You’ve fulfilled leadership roles for government, regulatory, and private organizations worldwide. What insights have you gained from these experiences?
I’ve learned the importance of teamwork and open communication—with the people who work for me and other organizations and countries. It’s imperative that everyone is fully aware of what we’re trying to accomplish and how we’re going to get there. My WPI education prepared me not just to think through issues in a logical manner, but to work effectively with people. Lots of good ideas come from others; you can build on those ideas to come up with a better product or a better way of doing things.
I’m one of the lucky people who got involved in issues of national and international significance at their early stages. For example, I joined the EPA when environmental concerns were first being recognized and there was a real interest nationwide in dealing with them. I joined the DOE just after the first OPEC oil embargo and was there throughout several energy crises when the public demanded quick action to resolve the energy supply and price issues. It’s been exciting to work with colleagues throughout the world in trying to address these common problems.
What are the leading energy and environmental issues facing the United States?
The most challenging energy issues are oil availability and the price of liquid fuels for transportation applications. These issues have been there throughout my years in government. Most people hoped there would always be ample supplies and prices would stay low, but instead we’re starting to see the ramifications of not developing good alternatives, such as more efficient engines or engines that utilize other fuels, and not looking for alternative supplies of liquid fuels.

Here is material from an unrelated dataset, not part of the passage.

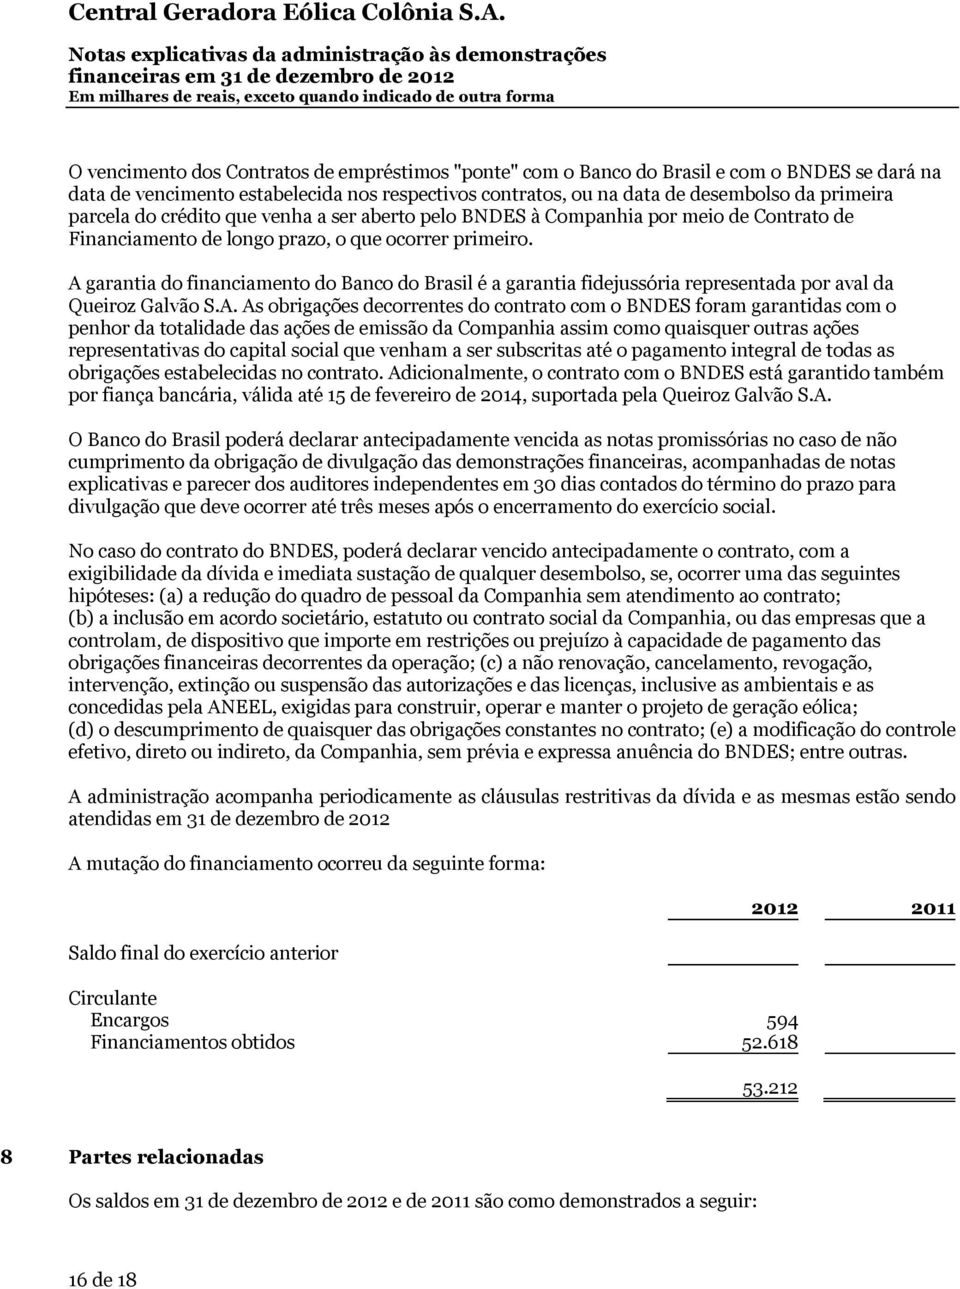 A garantia do financiamento do Banco do Brasil é a garantia fidejussória representada por aval da Queiroz Galvão S.A. As obrigações decorrentes do contrato com o BNDES foram garantidas com o penhor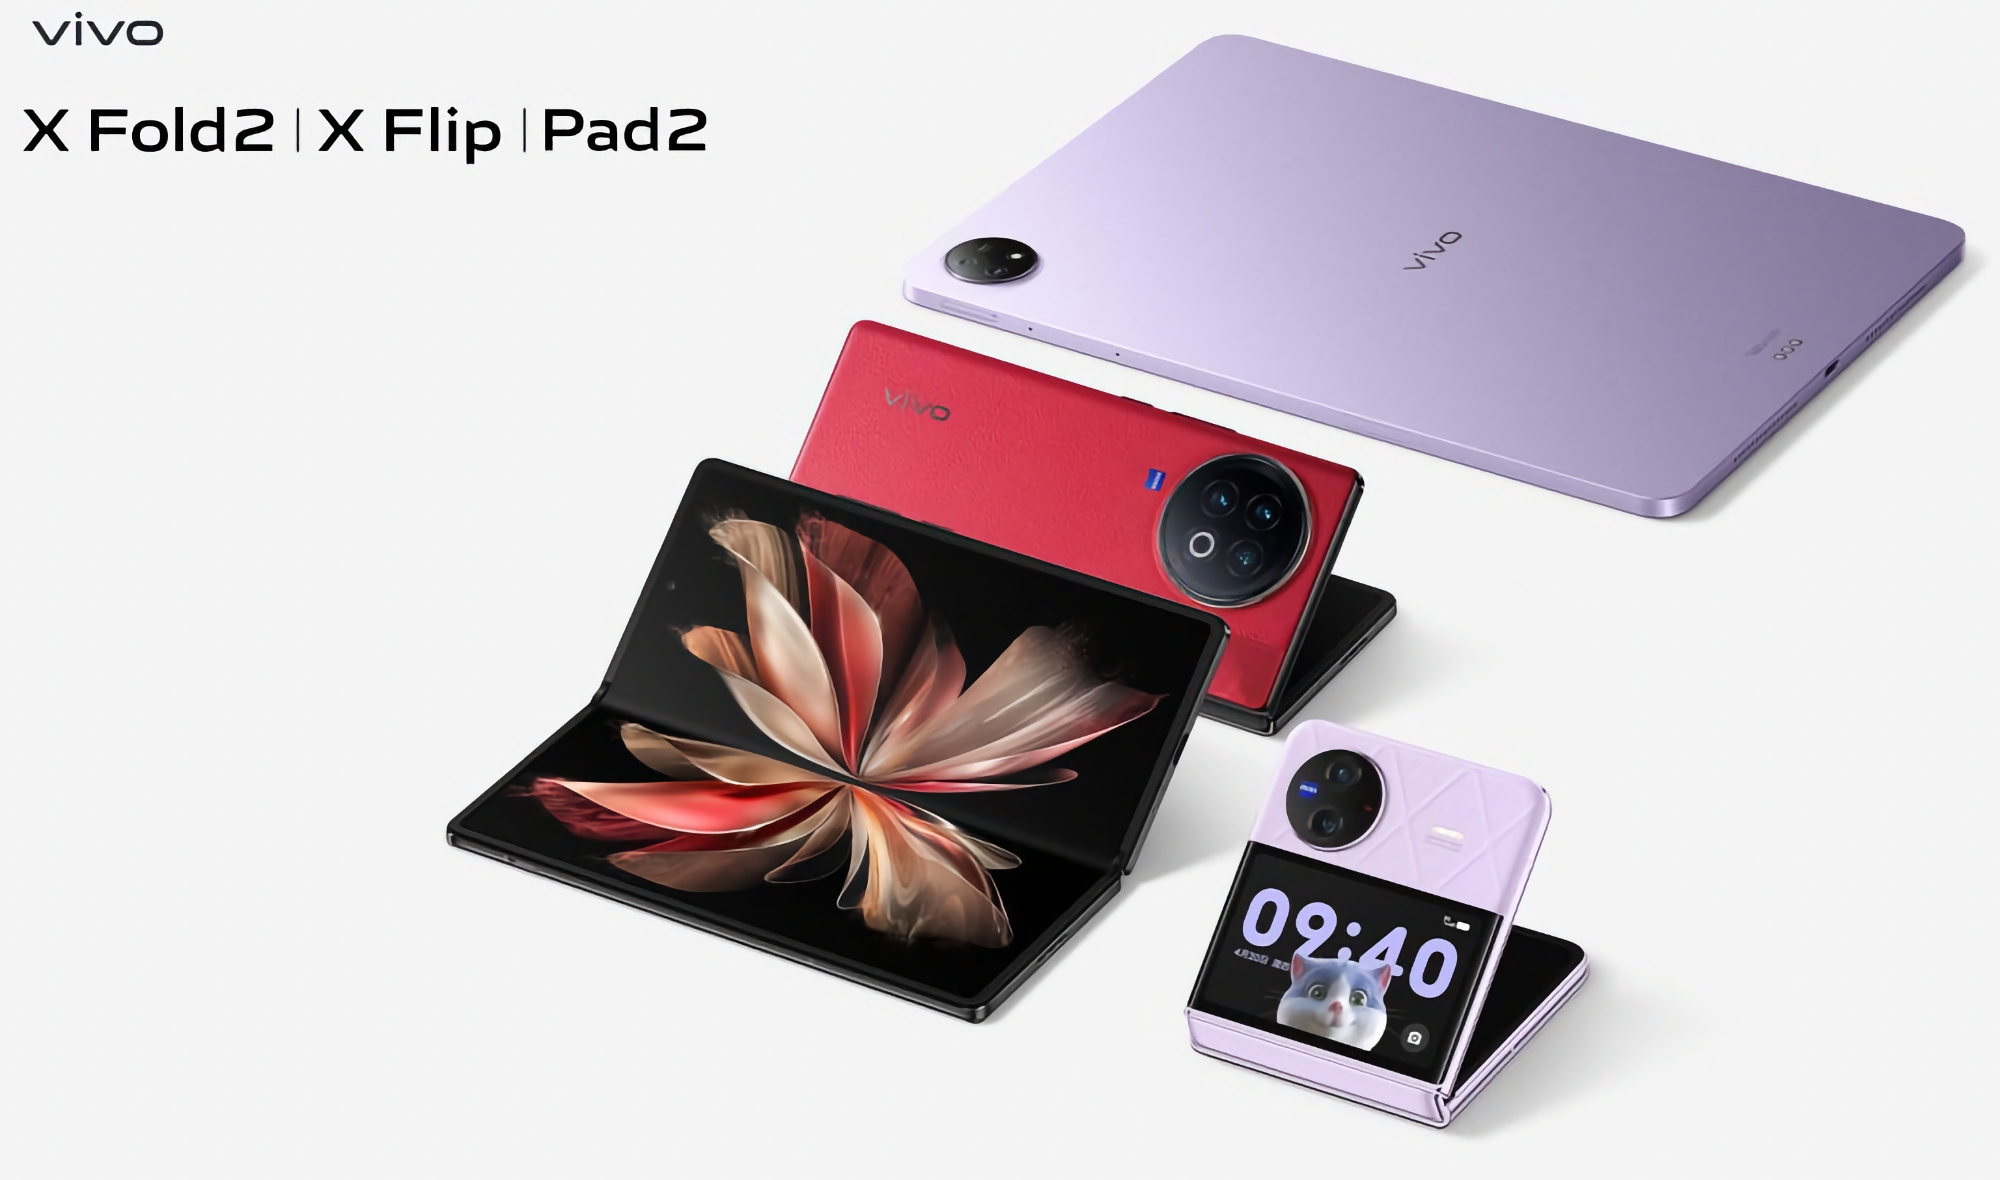 Nie tylko składane smartfony vivo X Fold 2 i vivo X Flip: 20 kwietnia vivo zaprezentuje również tablet vivo Pad 2

The biggest environmental issue is climate change. Politi-cians are moving toward requirements to control carbon dioxide. While a number of other countries have formally recognized this problem and have agreed to international treaties to require reductions in the emission of greenhouse gases, the United States isn’t quite there yet. Greenhouse gas emission reduction is difficult to deal with; the options are limited, and the costs are high. Removing carbon dioxide before combustion products leave the stack is a difficult thing to do. Sequestering the carbon dioxide so it can’t be released back into the atmosphere is another big technical and economic challenge.
What about coal mining in the United States?
We are the world’s second largest coal producer and consumer. Most people don’t realize that one-half of the country’s electricity is derived from combusting coal. Coal mine productivity has gone way up, keeping coal prices relatively flat, even though consumption and production have risen significantly over time.
As our country’s population continues to grow, will our ability to generate electric power keep up, or can we look forward to more brownouts?
I don’t think we’ve seen the end of brownouts. As the economy grows, we’ll need more electric power, but we haven’t built many new base load power plants. We are building natural gas-fired plants to meet peak loads, but they aren’t used until the demand is great. And natural gas prices are high right now and they’re going to stay high, so electricity from those units will be expensive.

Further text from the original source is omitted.